The solution is left to the reader as an exercise.

So, does the Pigeonhole Principle show up in programming. Of course it does. That's why std::vector must allocate memory when its capacity is full. OK, but does it manifest in more interesting ways? As it turns out, it has been used in compile-time meta-programming to achieve interesting results. It manifests in preprocessor meta-programming and in template meta-programming in two distinct flavors.

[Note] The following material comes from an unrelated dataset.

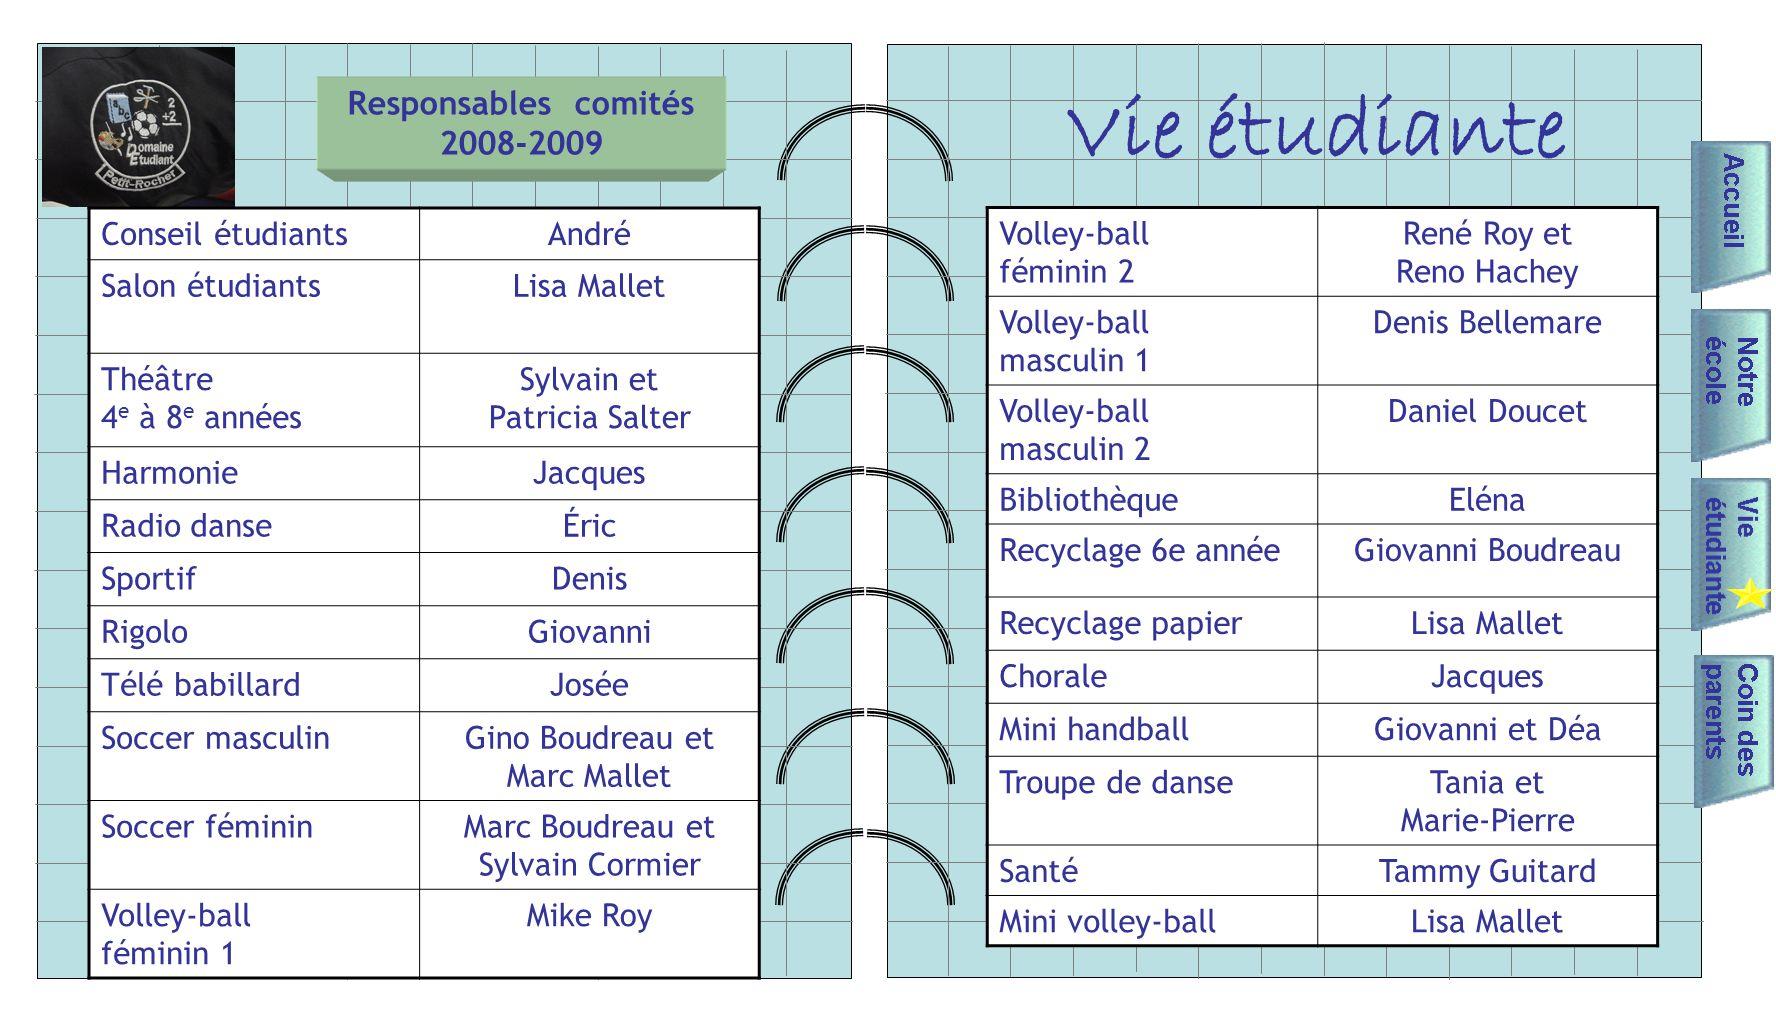 Responsables comités 2008-2009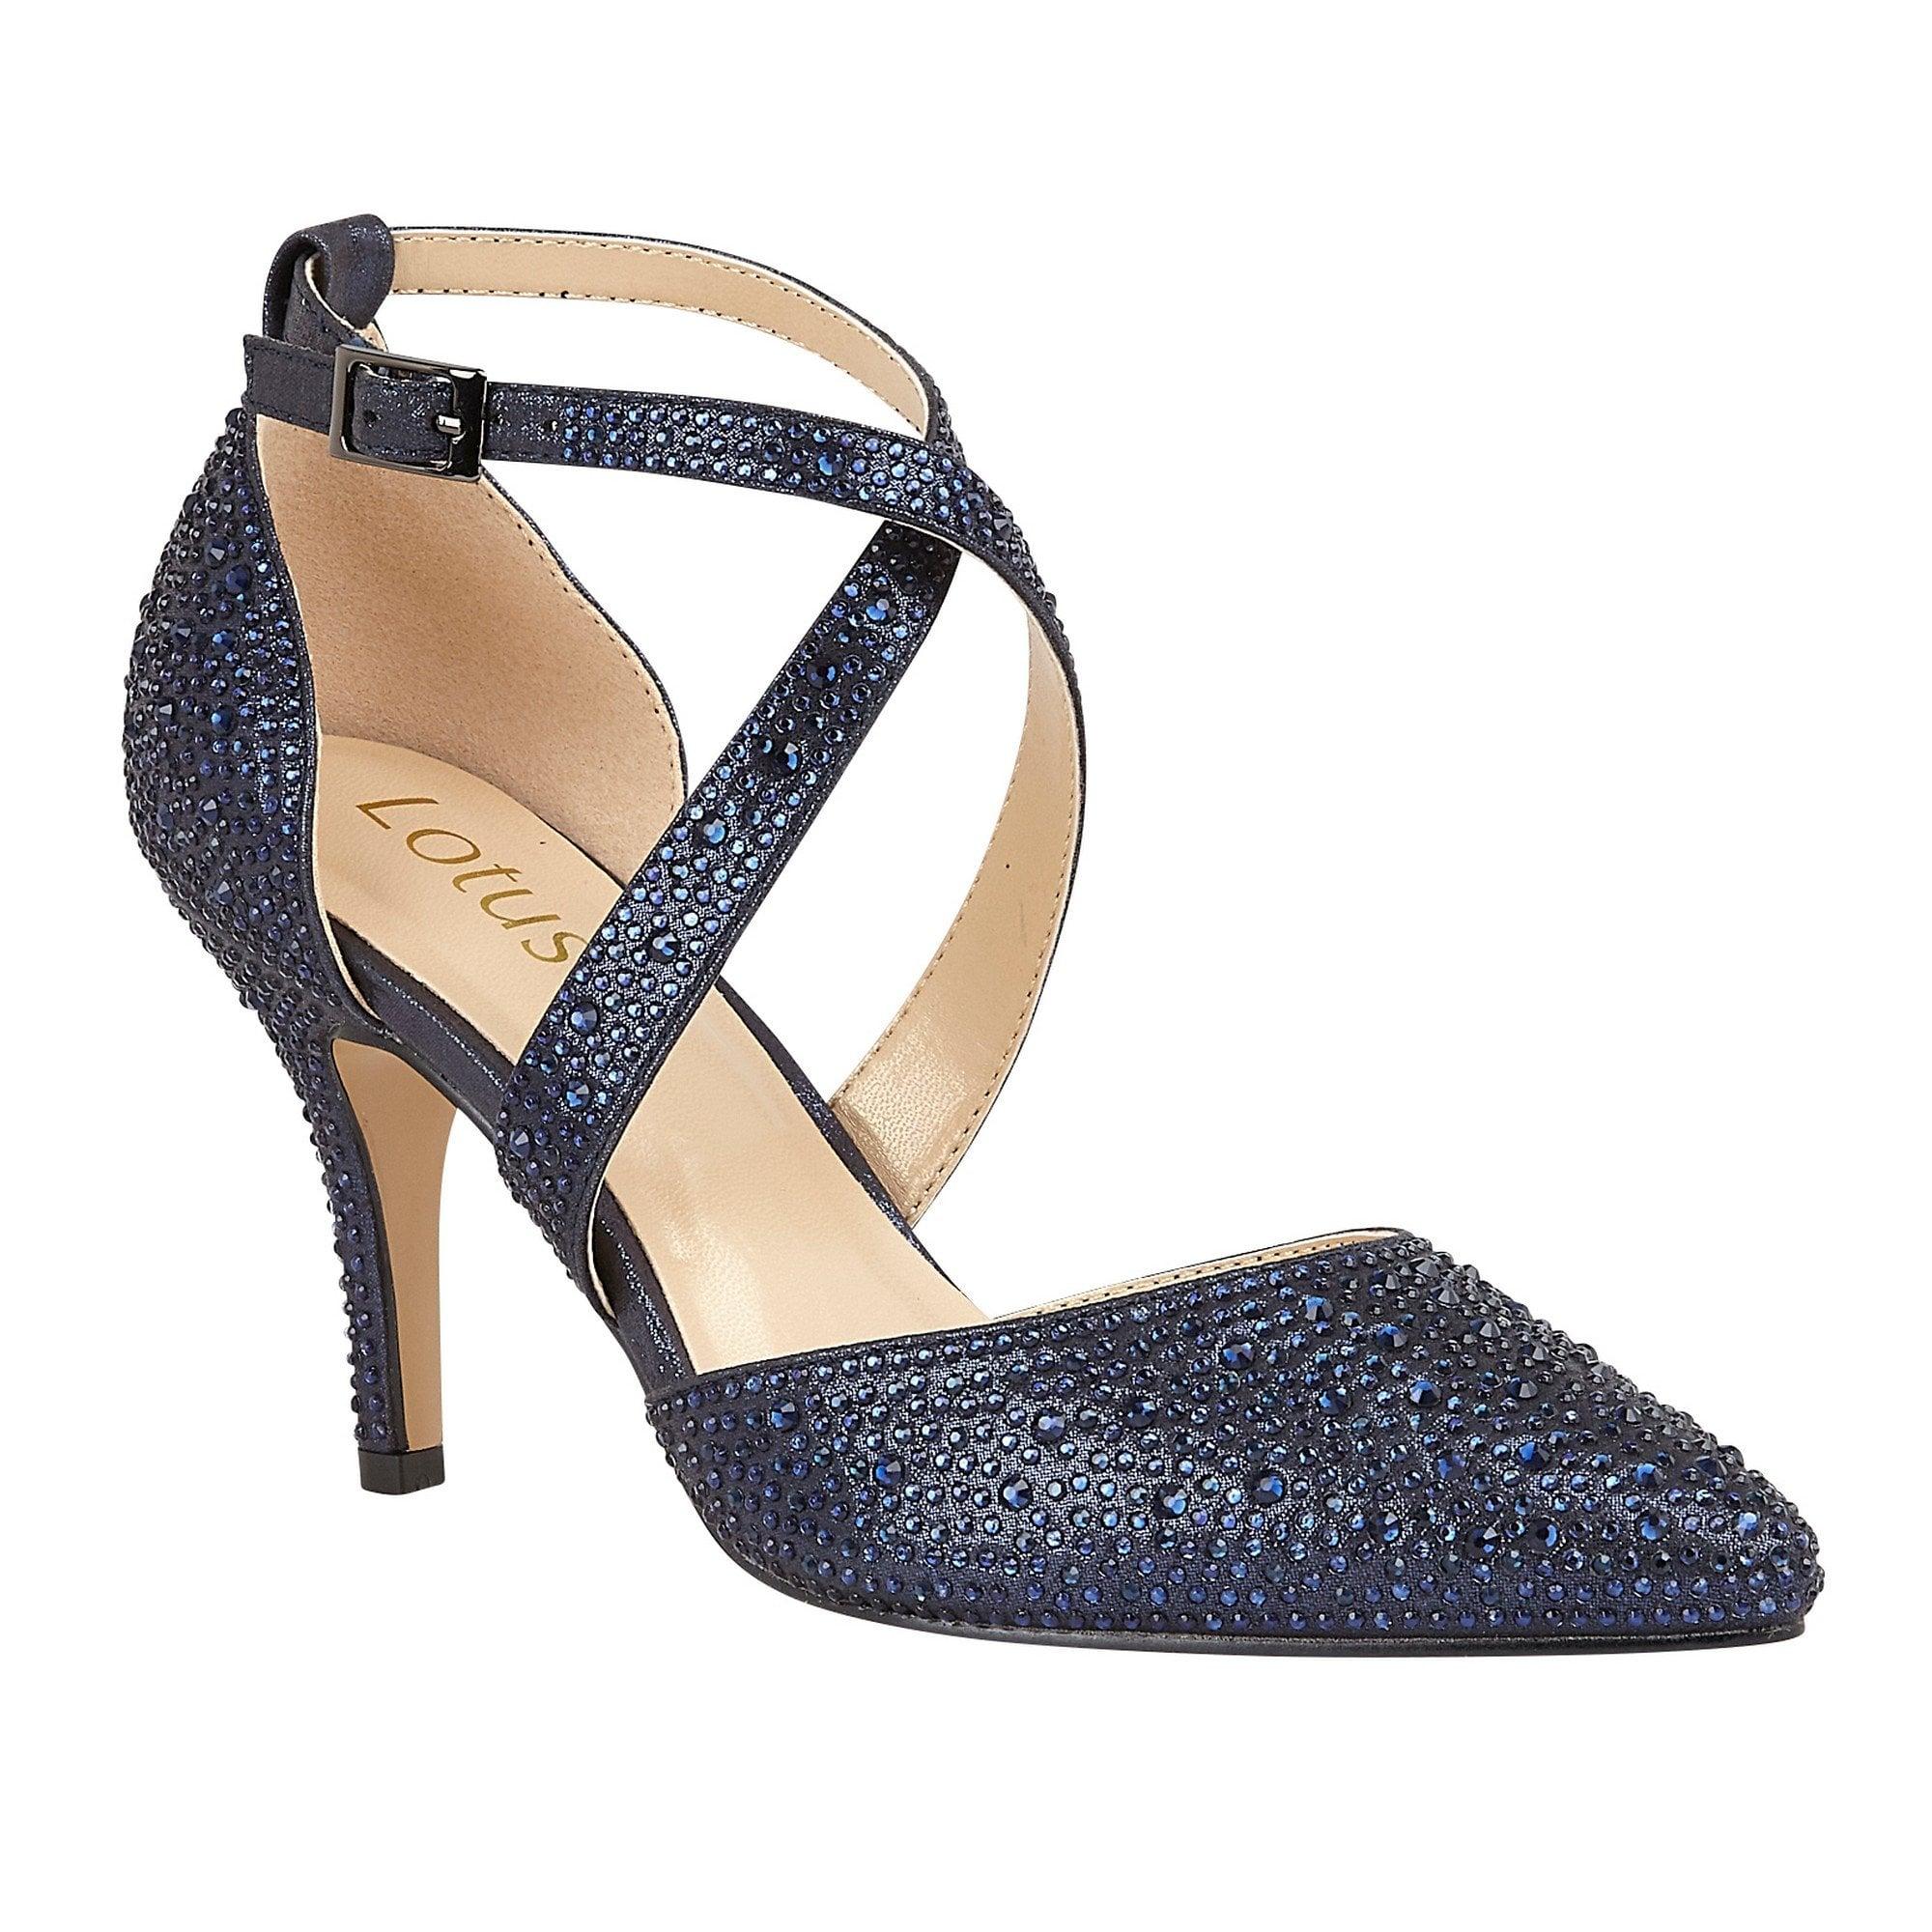 navy Lotus ladies' Star court shoes

The Pigeonhole Principle in C++ Preprocessor Meta-programming

Check out the following example. Also available here. The original author of this trick is unknown to me.
#include <iostream>

#define COUNT_ARGS(...)     PP_NARG_IMPL(__VA_ARGS__,PP_RSEQ_N()) 
#define PP_NARG_IMPL(...)   PP_ARG_N(__VA_ARGS__) 
#define PP_ARG_N( _1, _2, _3, _4, _5, _6, _7, _8, _9, _10, N, ...) N 
#define PP_RSEQ_N() 10,9,8,7,6,5,4,3,2,1,0 

int main()
{
  std::cout << COUNT_ARGS(a,b,c,d); // prints 4
}
COUNT_ARGS is a "simple" macro that counts the number of variadic arguments it is called with. It does that by using a preprocessing programming trick based on the Pigeonhole principle. Here is how the macro expands:
  1. The COUNT_ARGS macro substitutes the arguments (a,b,c,d) in the __VA_ARGS__ part before calling PP_NARG_IMPL. The PP_RSEQ_N macro is a list of integers from 10 to 0, which is substituted in the PP_NARG_IMPL. Therefore, the PP_NARG_IMPL macro is "called" with actual arguments = a,b,c,d,10,9,8,7,6,5,4,3,2,1,0
  2. The PP_NARG_IMPL macro simply forwards its arguments to the PP_ARG_N macro.
  3. The PP_ARG_N macro is where the Pigeonhole Principle comes in to play. It has 11 named arguments: From _1, _2, _3, etc. and N. Note that _1, _2, etc. are not special. They are just macro arguments with an underscore at the beginning. You may want to rename them as one, two, three, four, etc. It won't make a difference. The PP_ARG_N always expands to its 11th argument because of N.
  4. The original argument list has 15 arguments but there are only 11 arguments to the PP_ARG_N macro. Obviously, not all are going to fit. The PP_ARG_N macro only "picks up" the first actual argument that does not get a slot (i.e., 11th)
  5. As N always coincides with the 11th actual argument, the PP_ARG_N results in that value producing the count.
Needless to say, that's clever! Now let's proceed with template meta-programming.

The Pigeonhole Principle in C++ Template Meta-programming

Check out the following example. Also available here.
int main()
{
 auto x = ::nth<7>(0,"1",'2',3,"4",'5',6,"7");
 std::cerr << x << std::endl;
}
The goal is to access the N-th element in a variadic function argument list. The output of the above program should be 7.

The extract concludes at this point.